After estimating the model, I visualise the fitted company-specific coefficients using a scatter plot, as follows:

It is clear from the scatter plot that as the company-specific intercept increases the slope decreases in a non-linear S-shape fashion, thus suggesting the likely existence of an asymptote. In economic terms, as the expected audit fees increase the expected sensitivity to an increase in assets declines rapidly and reverses from positive to negative.
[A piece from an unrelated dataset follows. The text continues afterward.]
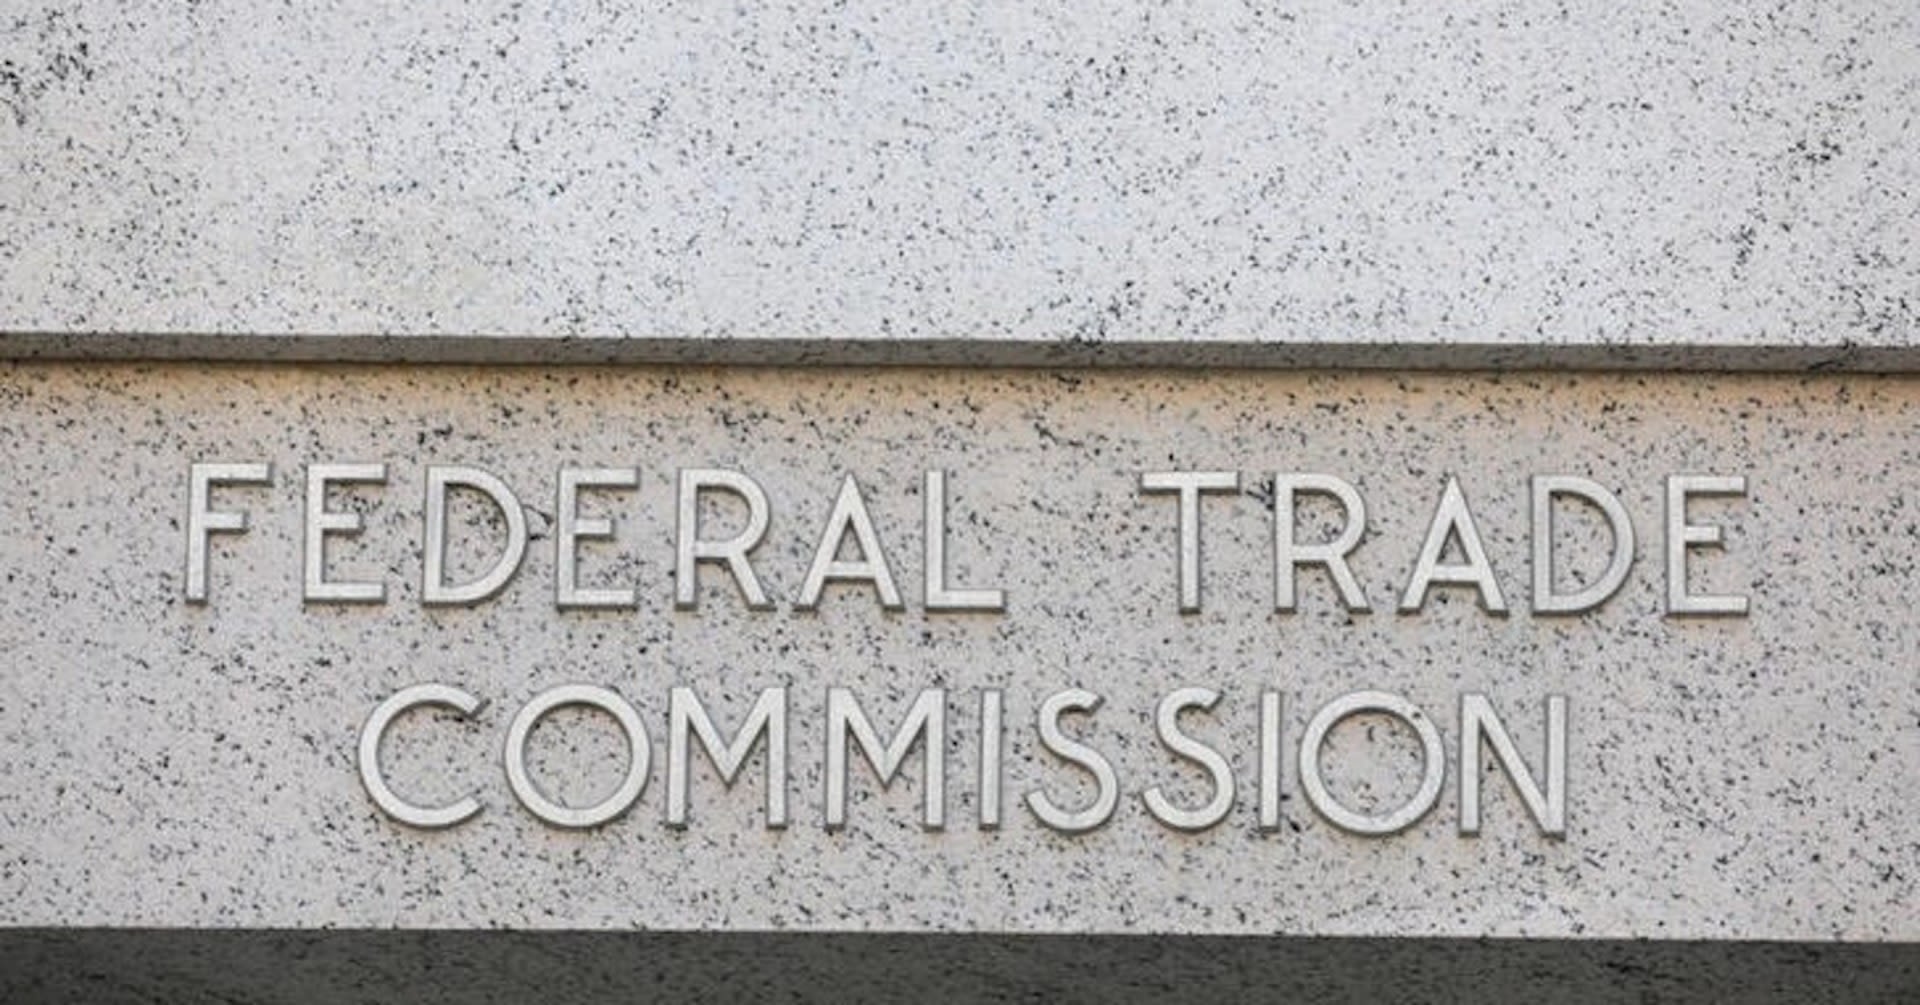 The Federal Trade Commission's attempt to ban U.S. non-compete agreements: Why and what next?
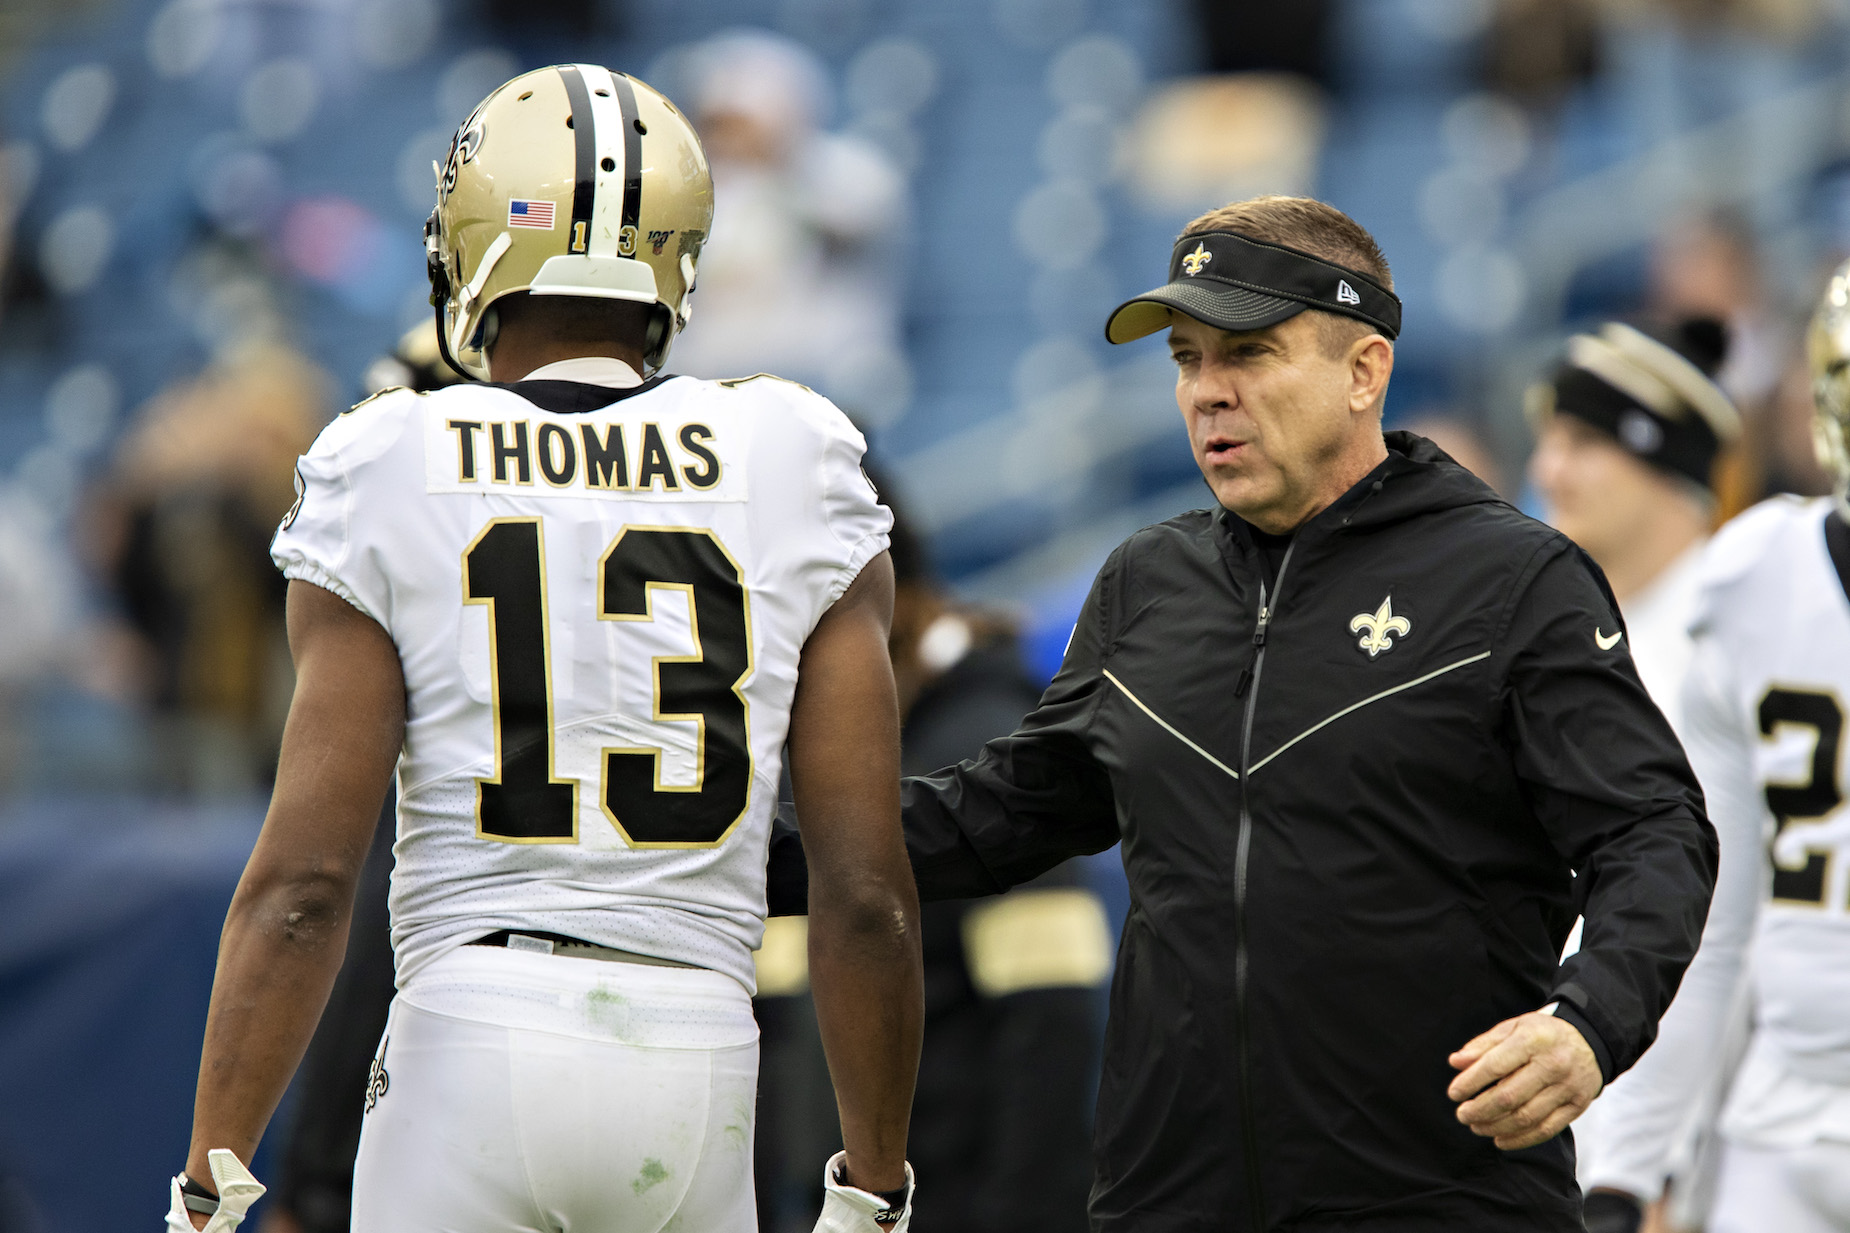 New Orleans Saints head coach Sean Payton took to Twitter and sent a strong message about Michael Thomas' future.

The above graph is accurate, complete, relevant and consistent, but it is not very efficient in helping us decode the shift in direction because it is unnatural to us to understand direction using a collection of circles in a scatter plot. A more efficient graph would be to switch from points to lines, as follows:

For those trained in statistics, it is now natural and effortless to decode the company-specific regression lines. It is clear the as the intercepts increase the steepness in the regression line decreases and goes from positive to negative.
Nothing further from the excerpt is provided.